Although long engaged in eco-friendly practices, Ingersoll Paper Box’s (IPB) latest green initiative could bring its sustainability focus to a whole new level of commitment. The major feature of this effort is a solar-panel array to be installed on the roof of the IPB plant. “Our goal is to be a more environmentally responsible company,” explains managing director Sarah Skinner. “It’s an ambitious effort, but it’s definitely worth it.”
The array will feature photovoltaic cells that look to generate up to 10 kilowatts of solar energy, which will be cycled back into the regional electrical grid for public-power distribution. Following a seven-year payback period for the array’s installation, IPB will actually generate a profit in its sale of solar energy to the grid.
THE WORD ON GREEN
IPB’s managing director, Sarah Skinner, has been instrumental in bringing sustainability to the forefront of her company’s agenda. Here, she talks about how other companies can motivate their workforce for a similar purpose.
Advantage: What steps can be taken to find and strengthen renewable-energy sources in Canada?
Sarah Skinner: By getting the word out, informing people about how our society currently generates energy, and how it affects our planet. We can then compare that to the alternatives available to us. Solar, wind, and geothermal are all sources that can turn on our lights and heat, and can cool our homes with little to no carbon footprint.
How can we encourage people and companies to be more sustainable?
For us, we feel that it’s the small things that count. We can all compost our kitchen waste and recycle paper, plastics, and glass in our homes. We can participate in our municipality’s special drop-off days for getting rid of household hazardous waste. We need to become more informed about programs that government and businesses are doing locally and globally.
“As a society, we need to break our dependence on fossil fuels,” Sarah says of the motivation behind the project. “We’re doing our part by utilizing the sun as an alternative—and dependable—energy source.” Eventually, she hopes to capitalize further on Ingersoll’s solar effort. “We’re exploring using panel energy for heating and air-conditioning purposes,” she says.

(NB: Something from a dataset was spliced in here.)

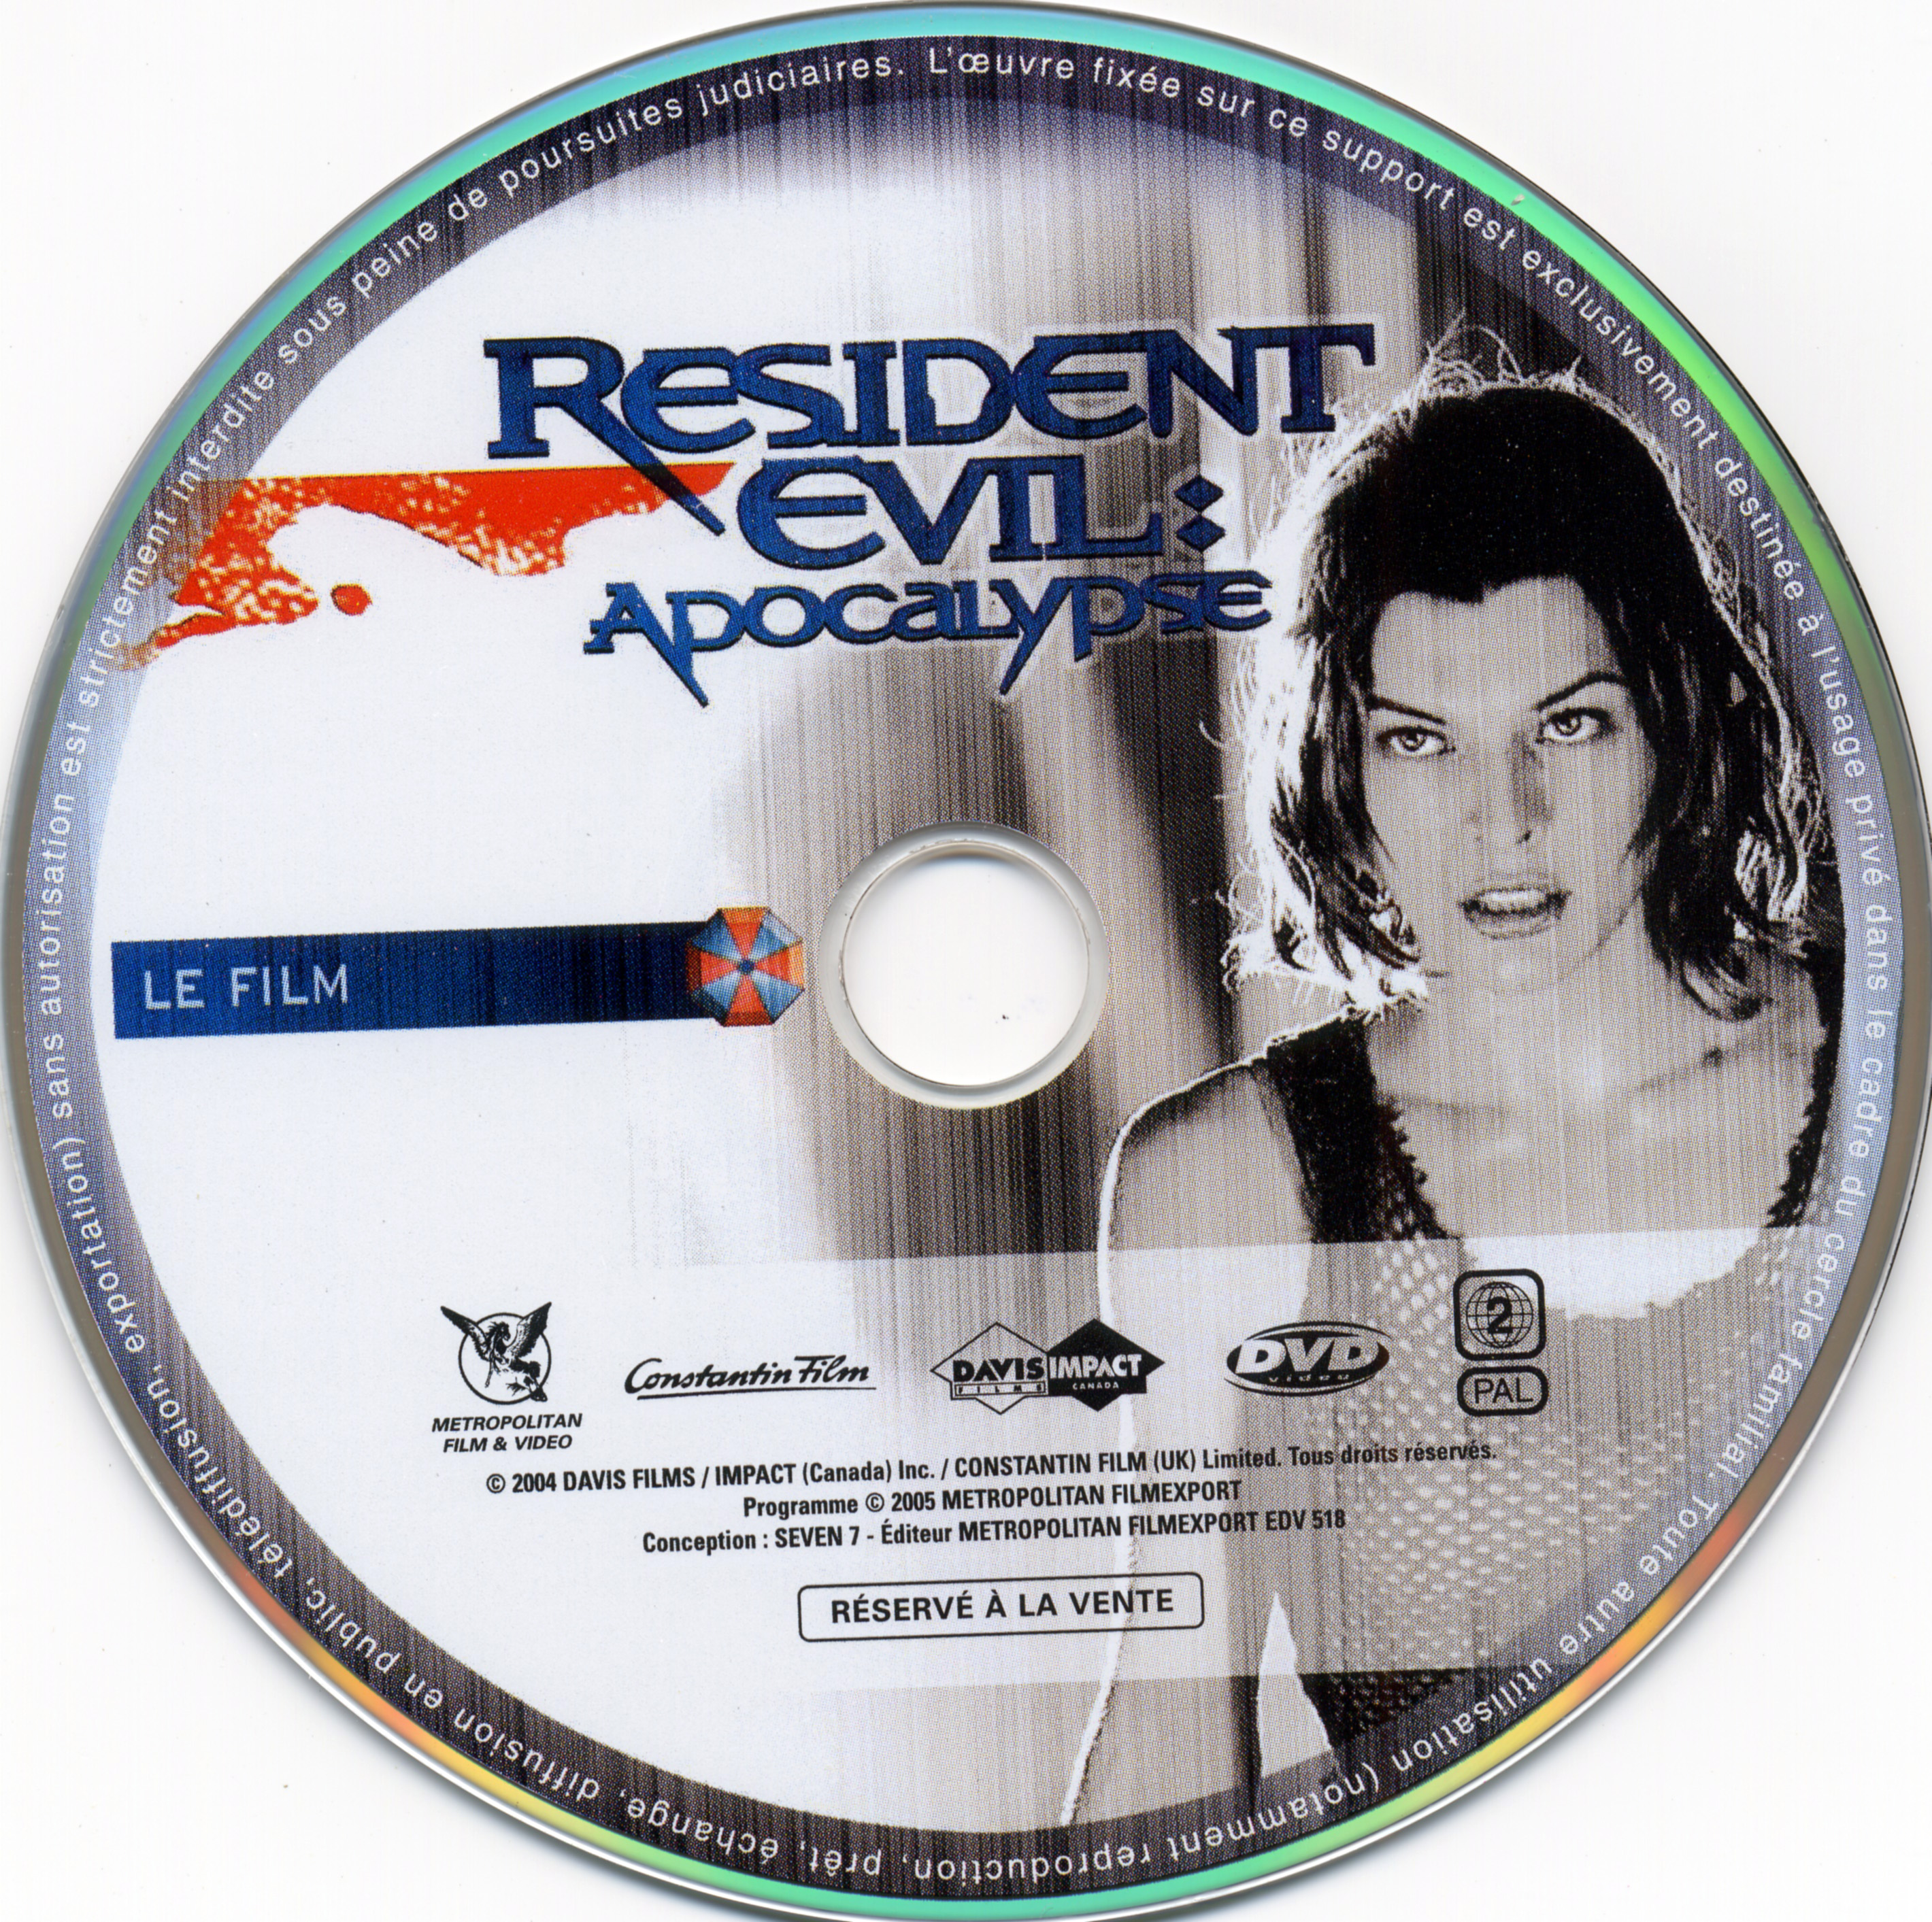 Resident evil apocalypse DISC 1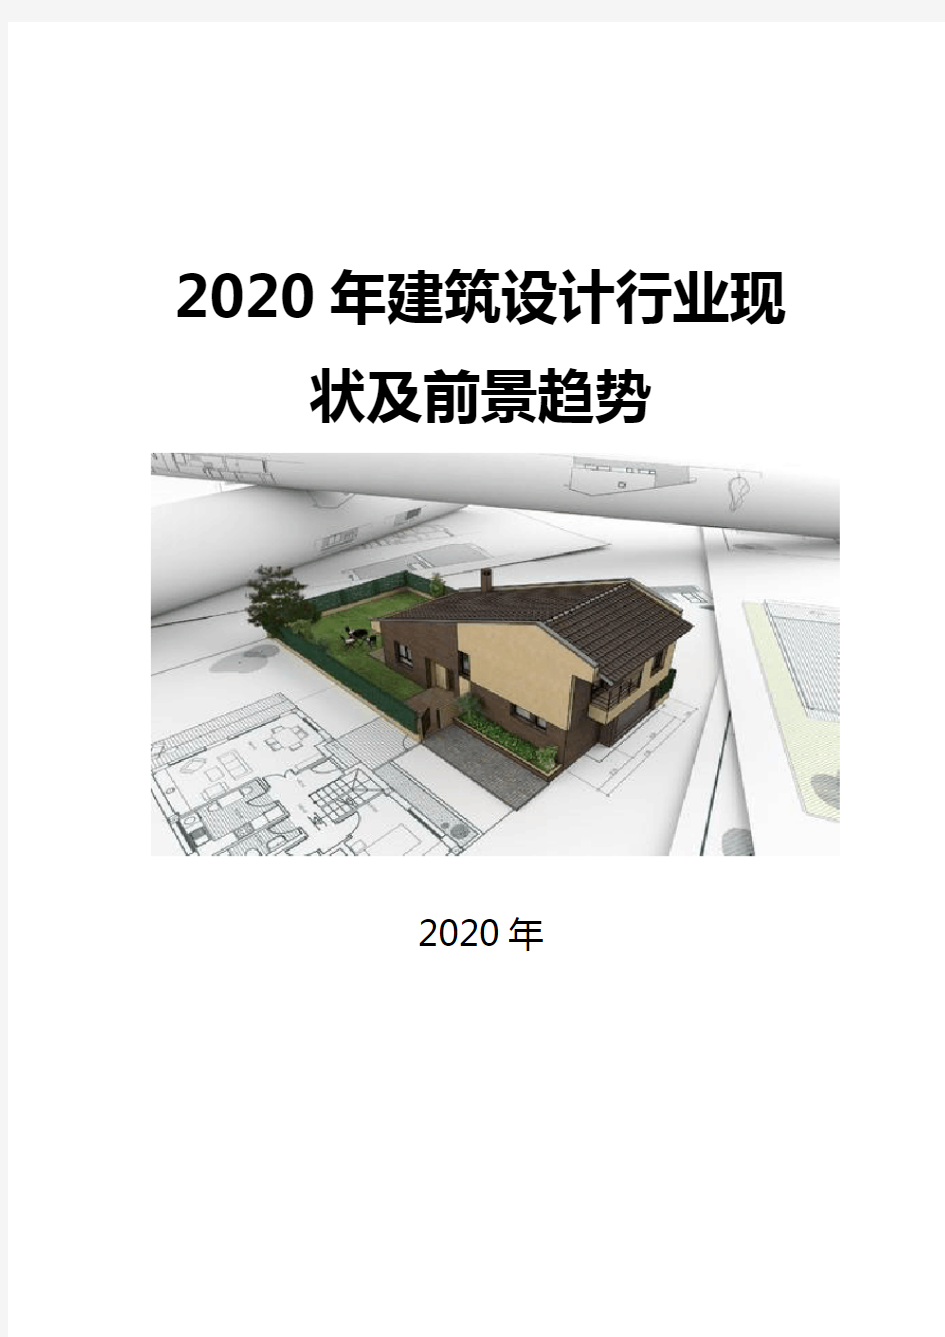 2020建筑设计行业现状及前景趋势

Along with the panels, IPB is seeking to increase recycling efforts throughout the plant. “For example, we have a battery-diversion program,” Sarah says. “Employees are being encouraged to drop off their used batteries within plant-recycling collection bins. By doing this, we can help reduce one source of highly toxic material in our landfills.”
Installation of high-efficiency lighting also figures prominently in IPB’s 2012 green plan. “This will reduce our energy costs and increase quality lighting throughout our facility,” Sarah says.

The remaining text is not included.